Abstract

Dominant-negative mutations in the transcription factor Growth Factor Independence-1B (GFI1B), such as GFI1B^Q287*, cause a bleeding disorder characterized by a plethora of megakaryocyte and platelet abnormalities. The deregulated molecular mechanisms and pathways are unknown. Here we show that both normal and Q287* mutant GFI1B interacted most strongly with the lysine specific demethylase-1 - REST corepressor - histone deacetylase (LSD1-RCOR-HDAC) complex in megakaryoblasts. Sequestration of this complex by GFI1B^Q287* and chemical separation of GFI1B from LSD1 induced abnormalities in normal megakaryocytes comparable to those seen in patients. Megakaryocytes derived from GFI1B^Q287*-induced pluripotent stem cells also phenocopied abnormalities seen in patients. Proteome studies on normal and mutant-induced pluripotent stem cell-derived megakaryocytes identified a multitude of deregulated pathways downstream of GFI1B^Q287* including cell division and interferon signaling.

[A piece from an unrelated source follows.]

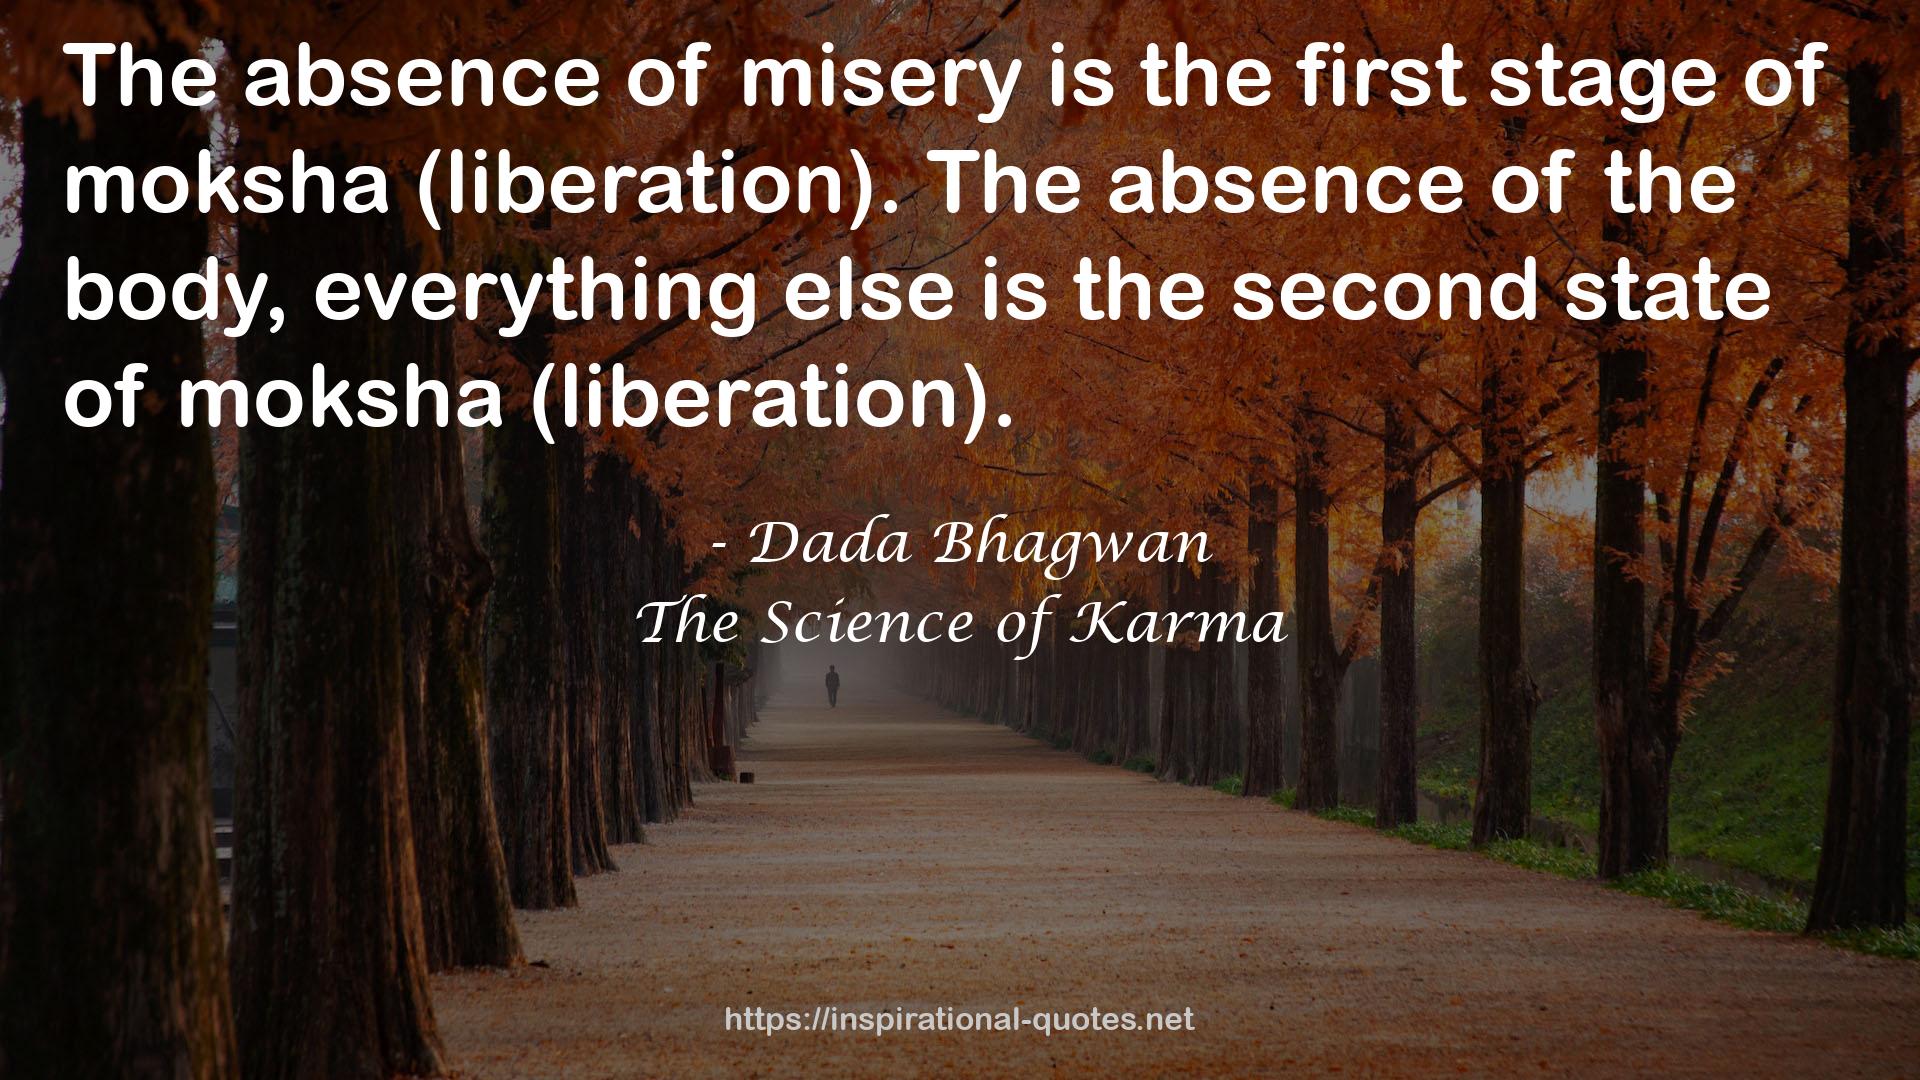 The Science of Karma QUOTES

Proteome studies on platelets from GFI1B^Q287* patients showed reduced expression of proteins implicated in platelet function, and elevated expression of proteins normally downregulated during megakaryocyte differentiation. Thus, GFI1B and LSD1 regulate a broad developmental program during megakaryopoiesis, and GFI1B^Q287* deregulates this program through LSD1-RCOR-HDAC sequestering.